Это, конечно, мелочи, но то, что на престоле женщина, — дело неслыханное, такого в России еще не было. Некоторые горожане отказывались присягать: «Раз на престоле баба, пусть бабы ей и присягают». В таких случаях их отправляли в Тайную канцелярию и били до тех пор, пока не добивались присяги. После Петра I на протяжении почти всего XVIII века правителями в России будут ребенок или женщина.

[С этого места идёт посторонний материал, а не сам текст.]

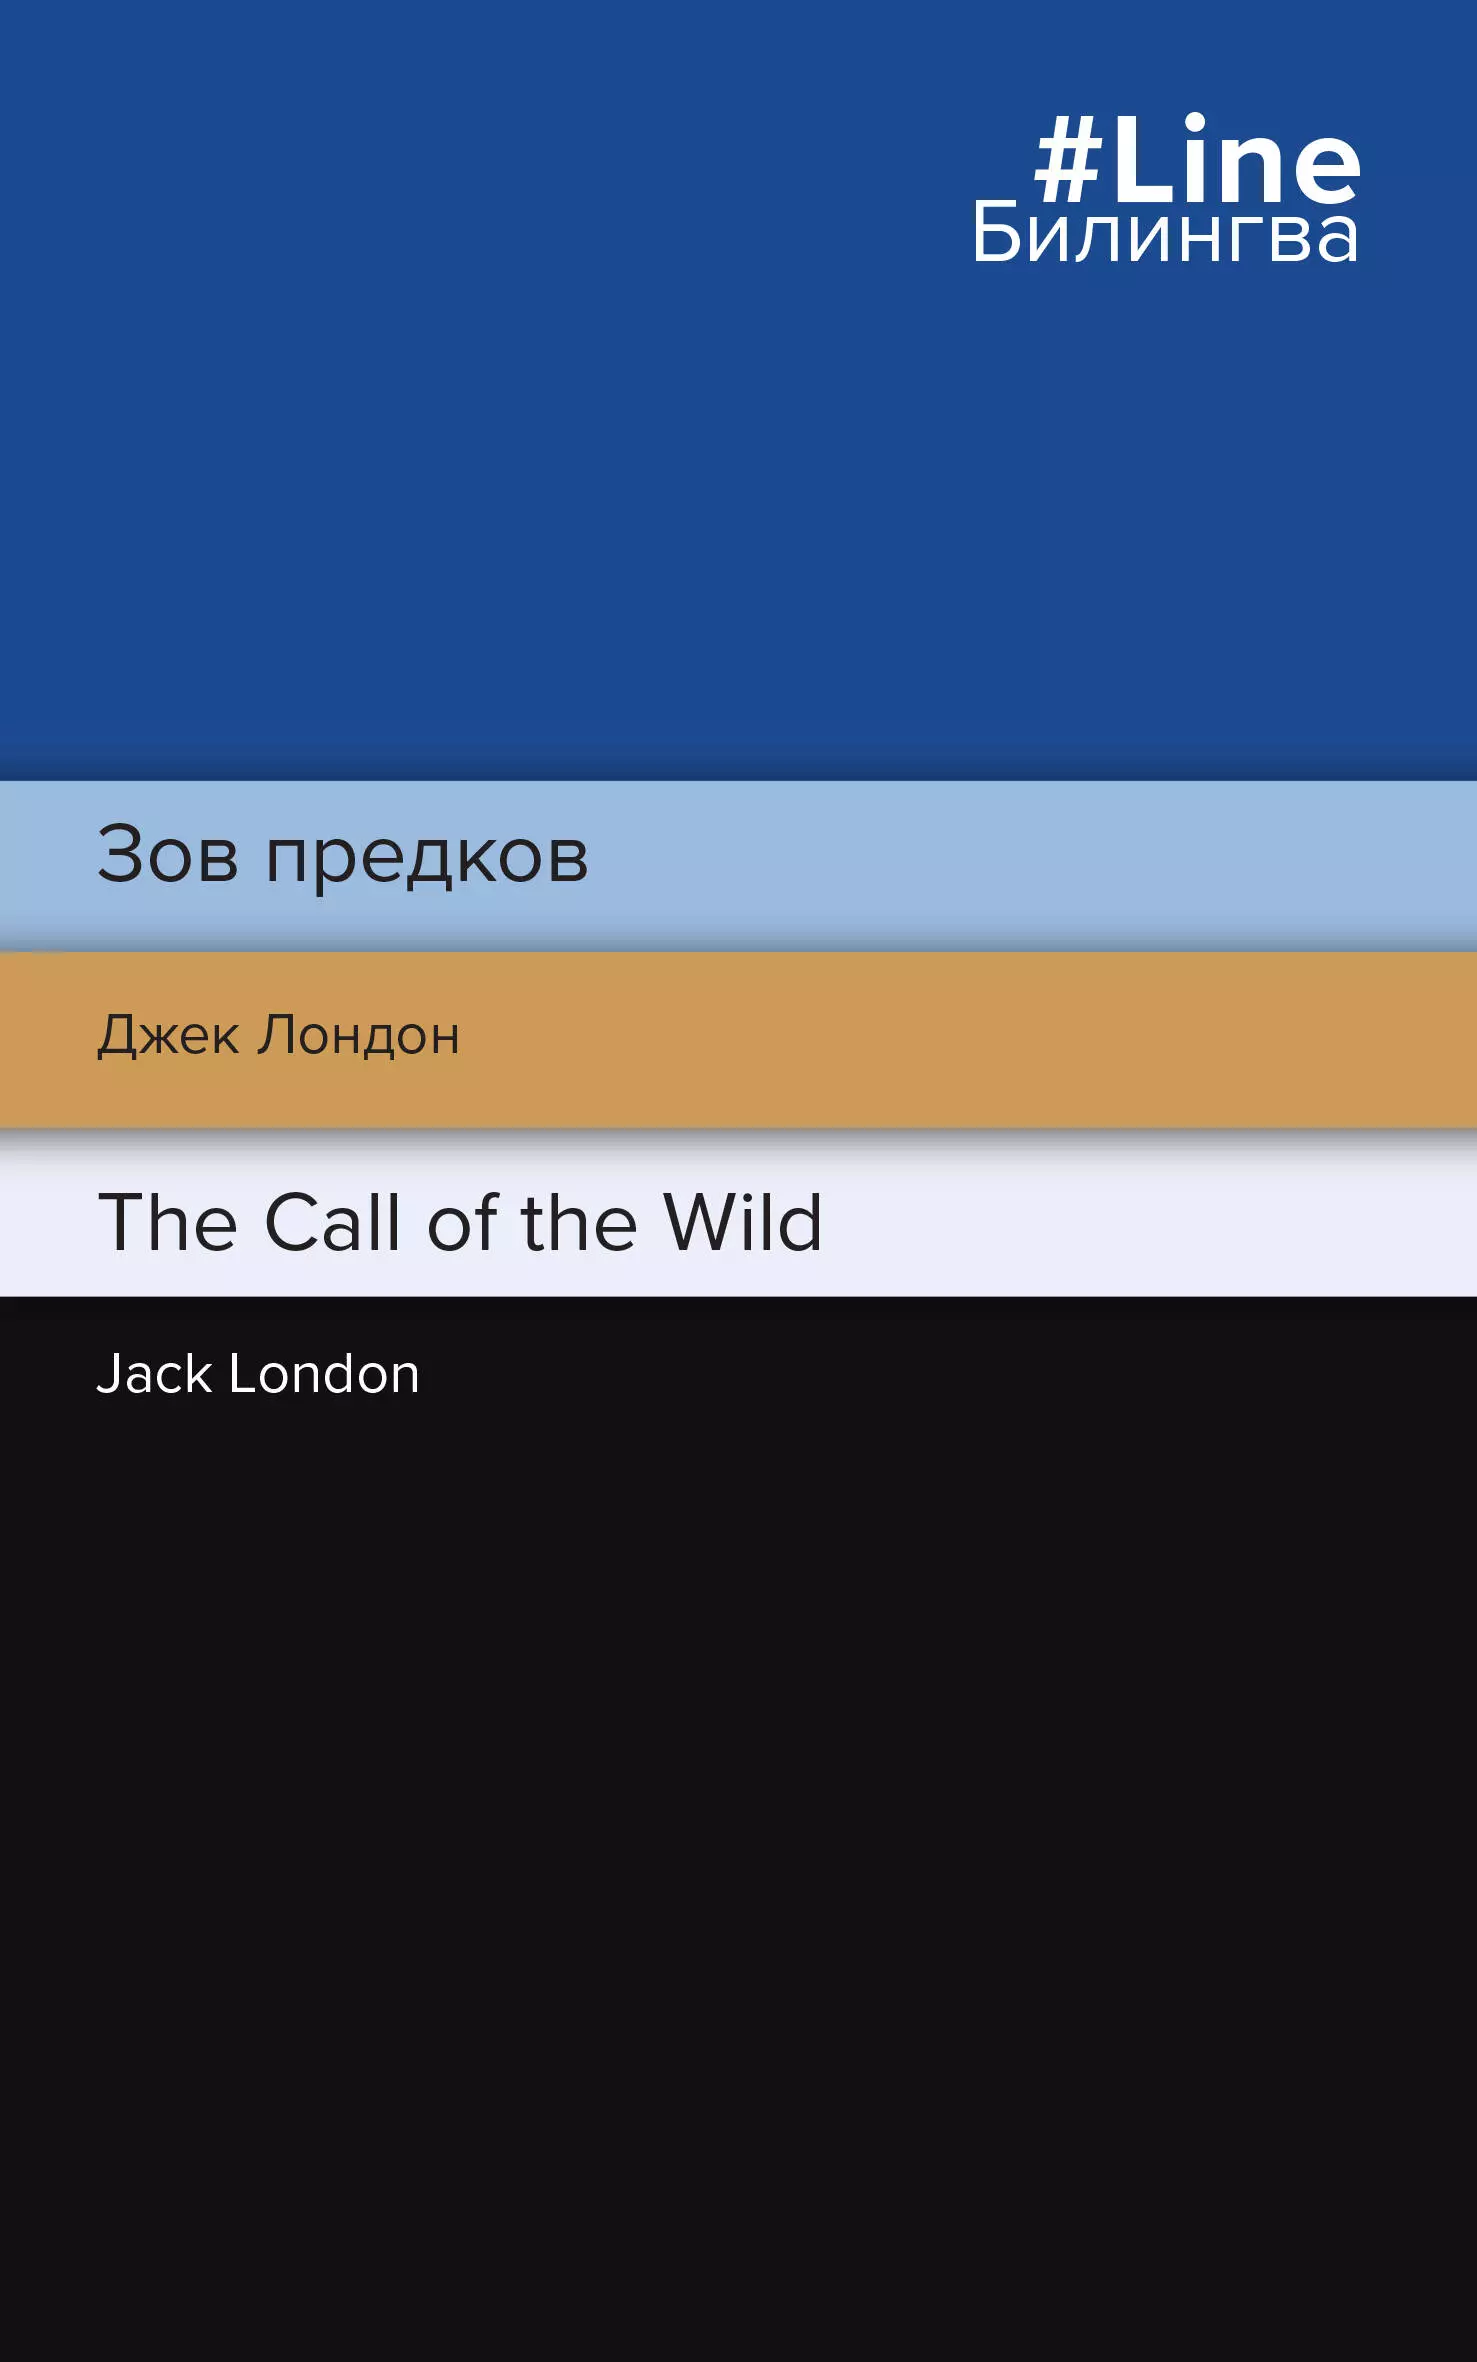 Лондон Джек - Зов предков / The Call of the Wild

Тайное возмущение воцарением Екатерины не стихало в Петербурге. В 1726 году полицейские нашли у Исааки-евского собора подметное письмо, в котором императрицу называли похитительницей престола, бранили и осуждали ее частную жизнь. За выдачу автора пасквиля назначили награду в тысячу рублей. Наградные деньги были положены в нескольких местах города на фонари, охраняемые солдатами, готовыми отдать их доносчику. Но никто не донес. Сумму награды удвоили — безрезультатно.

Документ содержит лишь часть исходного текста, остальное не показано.